Screaming, smoking jets will dance in the sky over Cromer in a few days time, drawing patterns in the air, and drawing gasps from crowd-lined cliffs watching their thrilling flying antics. The Red Arrows display is a rare moment of noisy aerial action above a seafront more used to the gentle squawk of seagulls, and whirr of passing powered hang gliders.

And it is a signal that carnival time is in town once again - a week which draws tens of thousands of extra visitors to the already popular resort.

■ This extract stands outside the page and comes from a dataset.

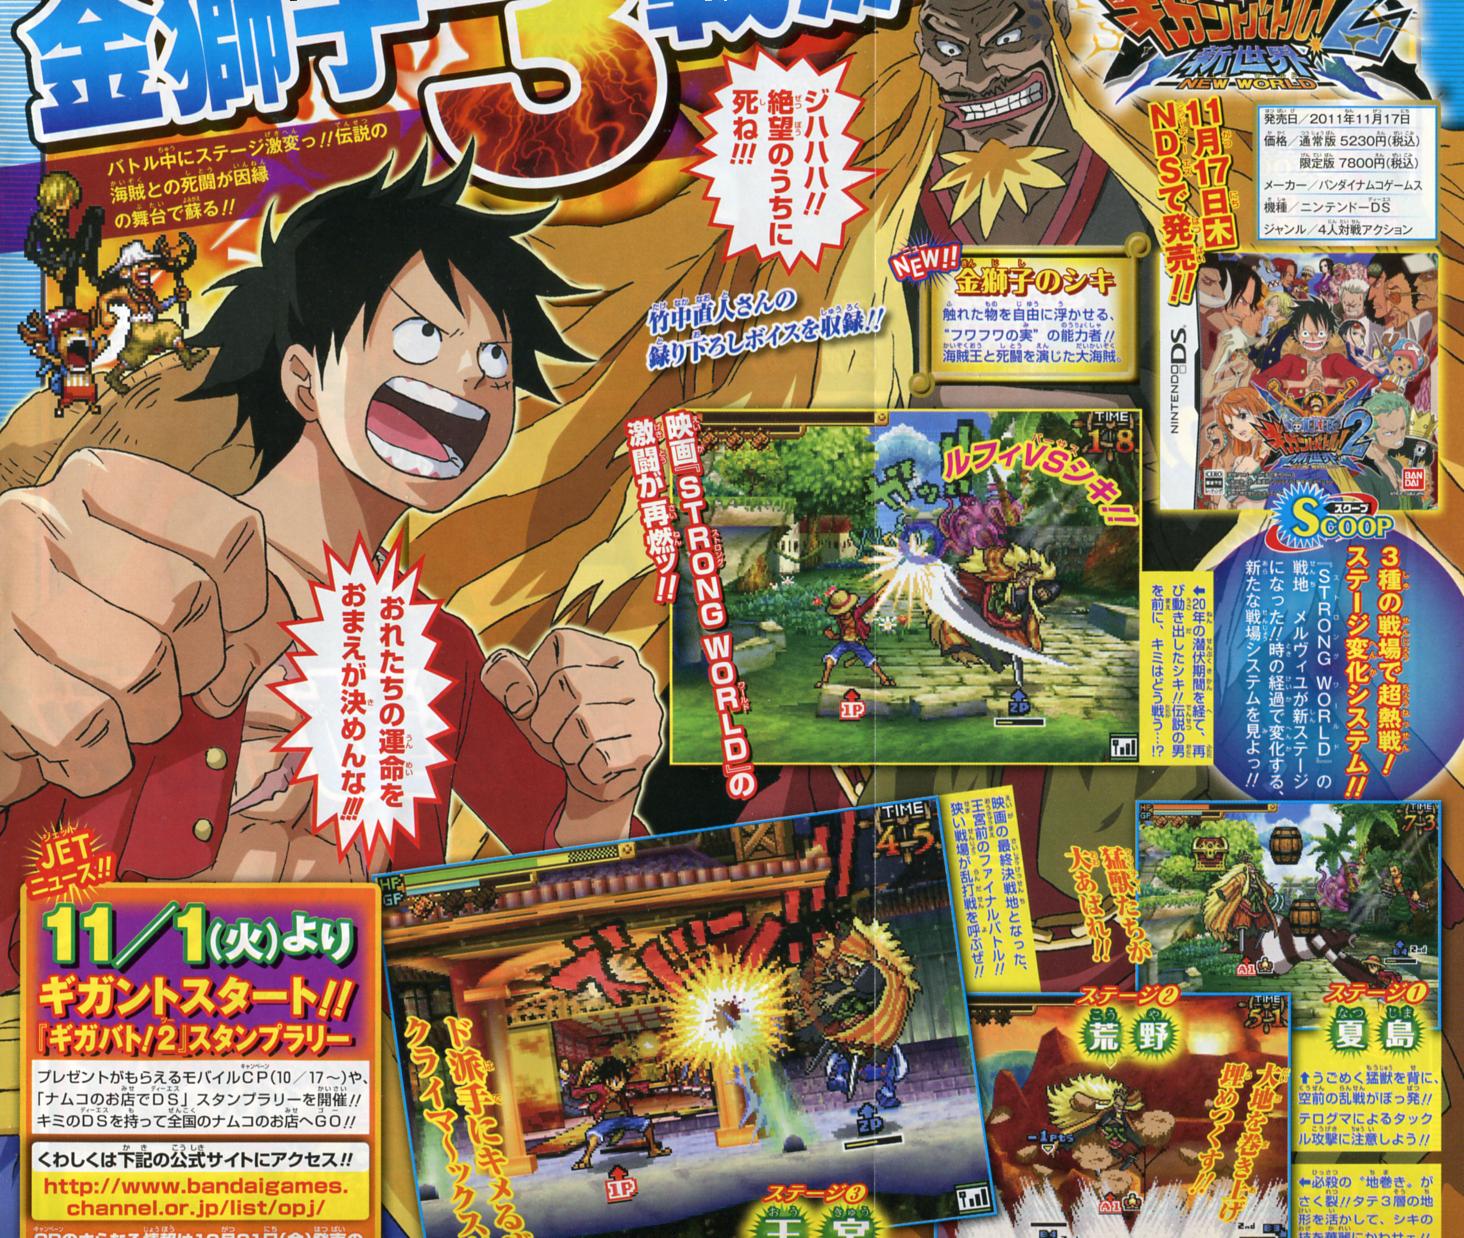 &#91;NDS&#93; One Piece: Gigant Battle! 2 New World

On Wednesday, August 18, is the climax, with a day of arena events, lunchtime air show, and evening parade of floats which fills the streets with music and inventive float and fancy dress creations.

But there is also a full week of activities starting with custom cars, bonny babies, knobbly knees and glamorous grannies this weekend, through to a fancy dress dance finale which sees the town brimming will all kinds of mad cap characters on their way to the marquee.

Carnival chairman Tony Shipp, who has been involved with the carnival for 39 of the 41 years in its current format, said the programme tried to provide a combination of events to watch and be part of the action.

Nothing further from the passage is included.